▶ WHAT YOU HAVE TO DO
All lines below starting at the one that holds "Page 160 of manga 더러운 정자로 자궁이 빵빵!" and ending at the one that holds "RAFFIA Basket M, blue" should be printed exactly, ends included. Pictures should not be printed, nor anything else.

▶ RECORDS TO PROCESS
◆ ◆ ◆ ◆ ◆ ◆ ◆
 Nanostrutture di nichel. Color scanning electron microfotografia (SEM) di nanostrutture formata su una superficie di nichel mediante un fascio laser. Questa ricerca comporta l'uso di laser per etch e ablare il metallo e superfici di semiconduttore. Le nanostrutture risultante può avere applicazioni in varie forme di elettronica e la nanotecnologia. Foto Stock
◆ ◆ ◆ ◆ ◆ ◆ ◆
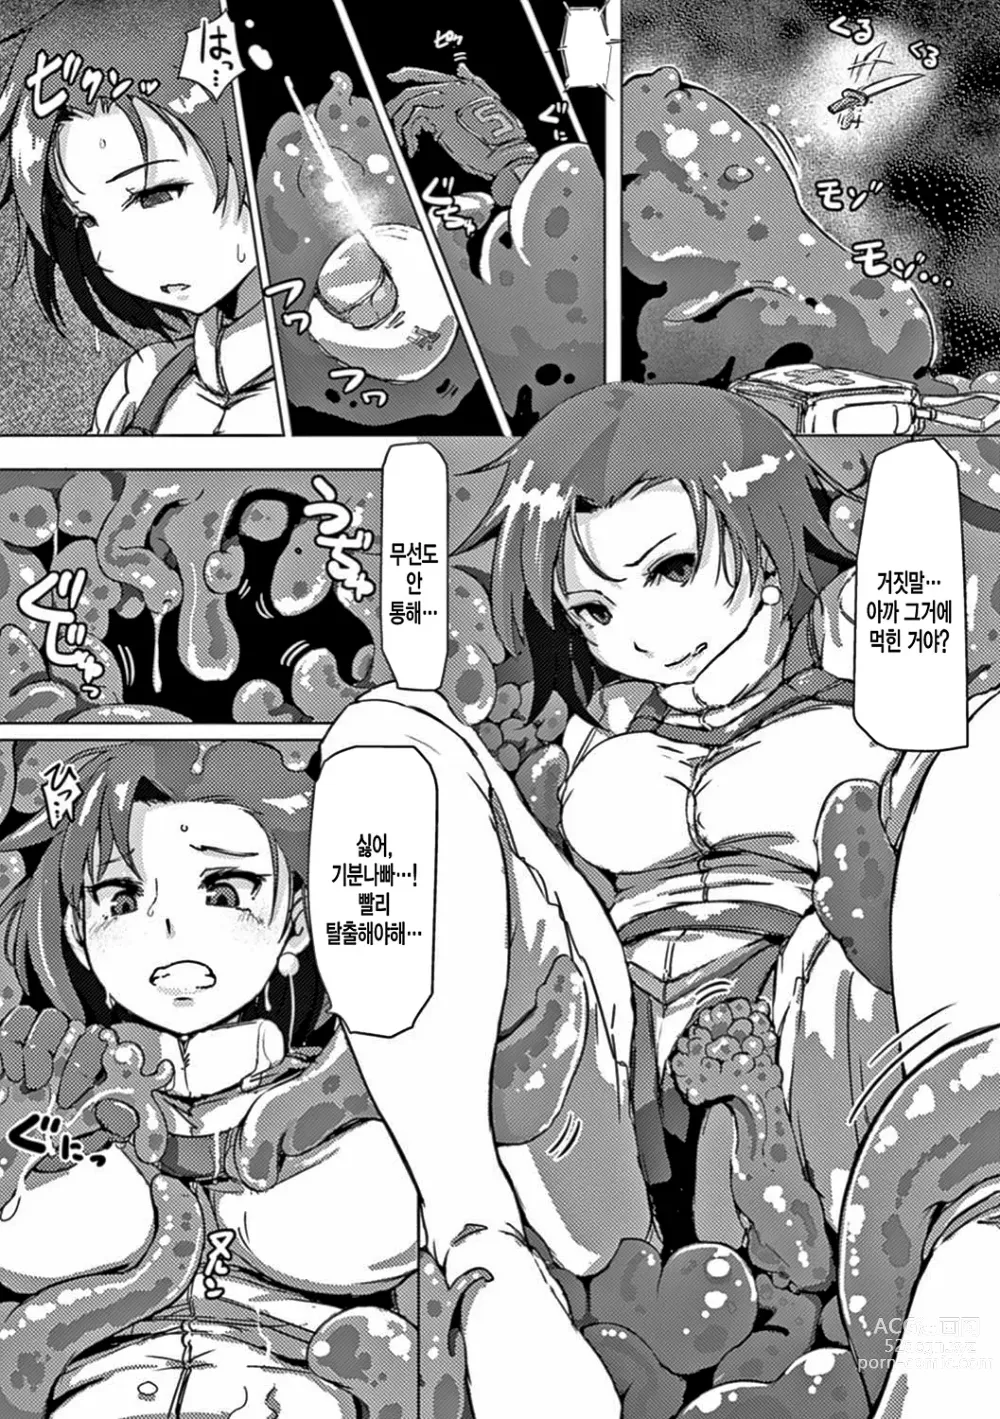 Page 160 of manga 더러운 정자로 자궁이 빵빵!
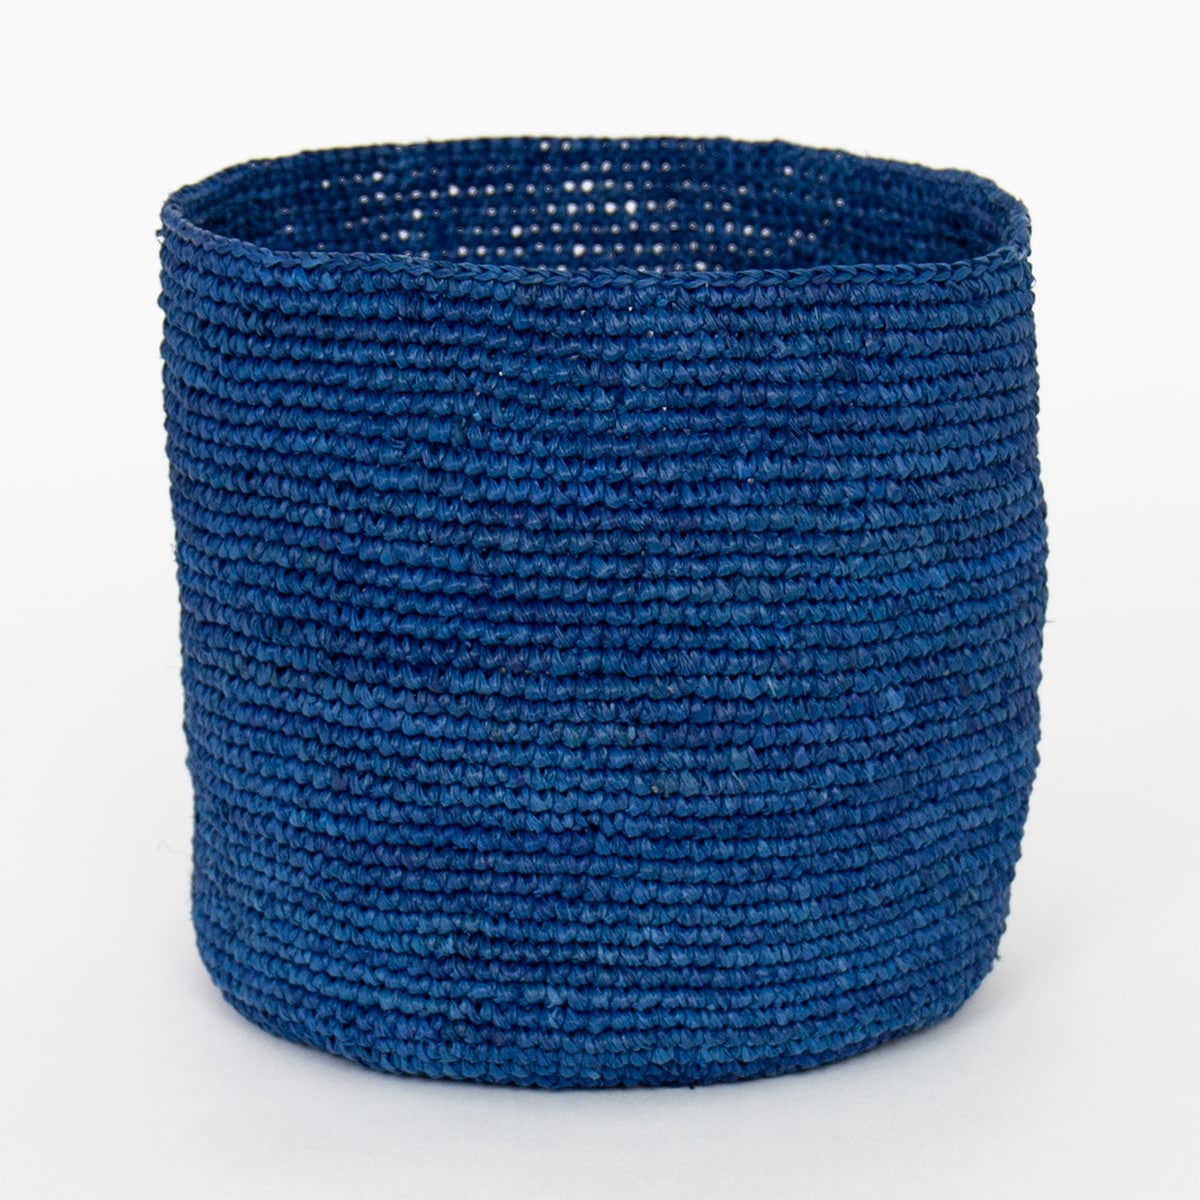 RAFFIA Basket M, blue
◆ ◆ ◆ ◆ ◆ ◆ ◆
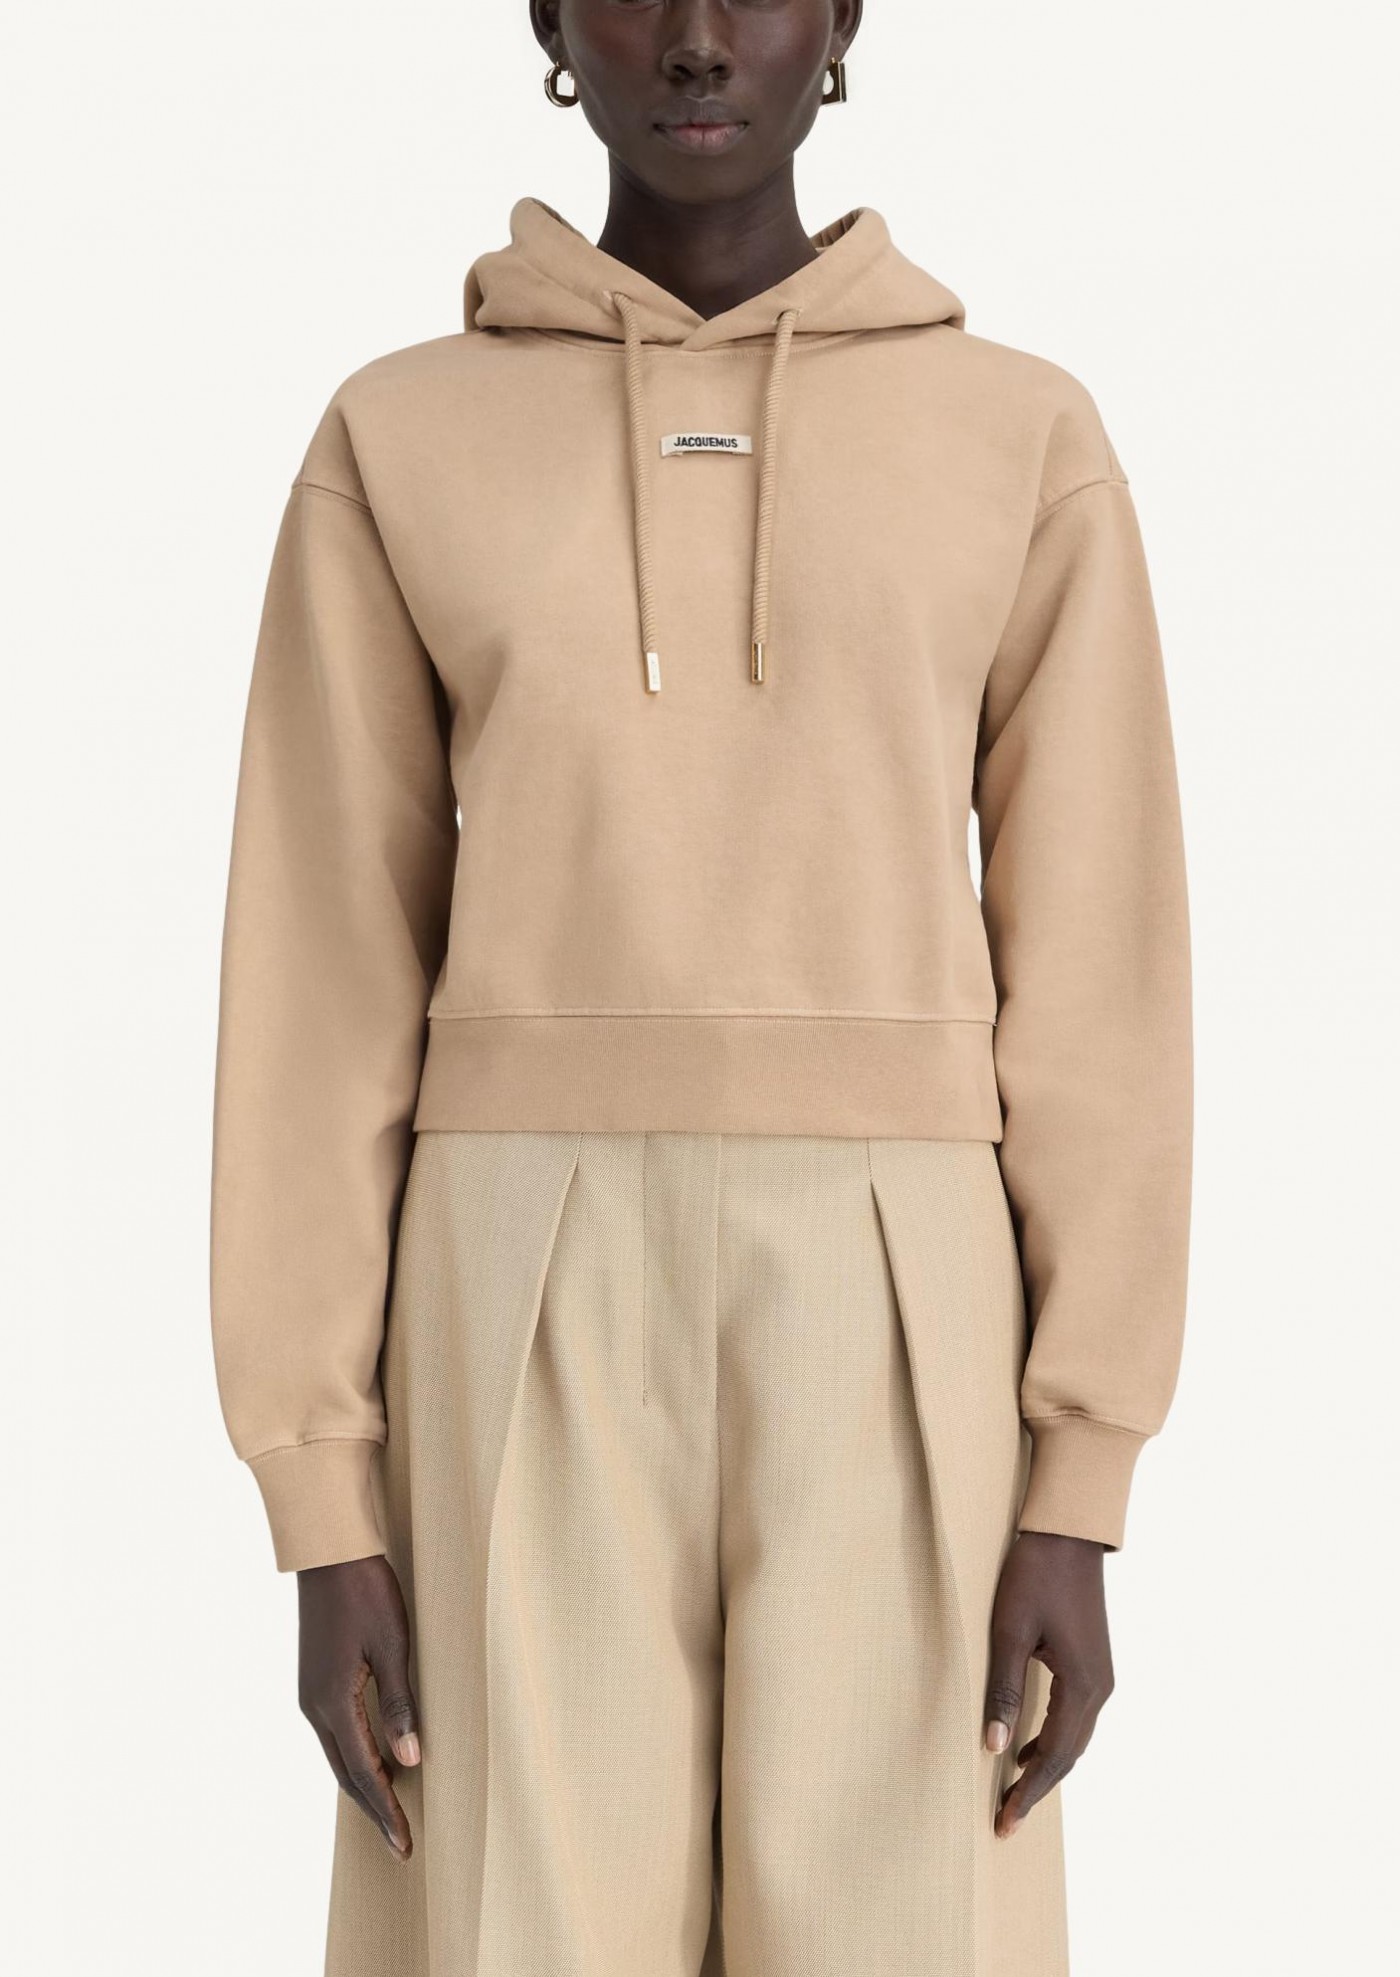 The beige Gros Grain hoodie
◆ ◆ ◆ ◆ ◆ ◆ ◆
▶ ANSWER TO THE EXERCISE
 Page 160 of manga 더러운 정자로 자궁이 빵빵!
 RAFFIA Basket M, blue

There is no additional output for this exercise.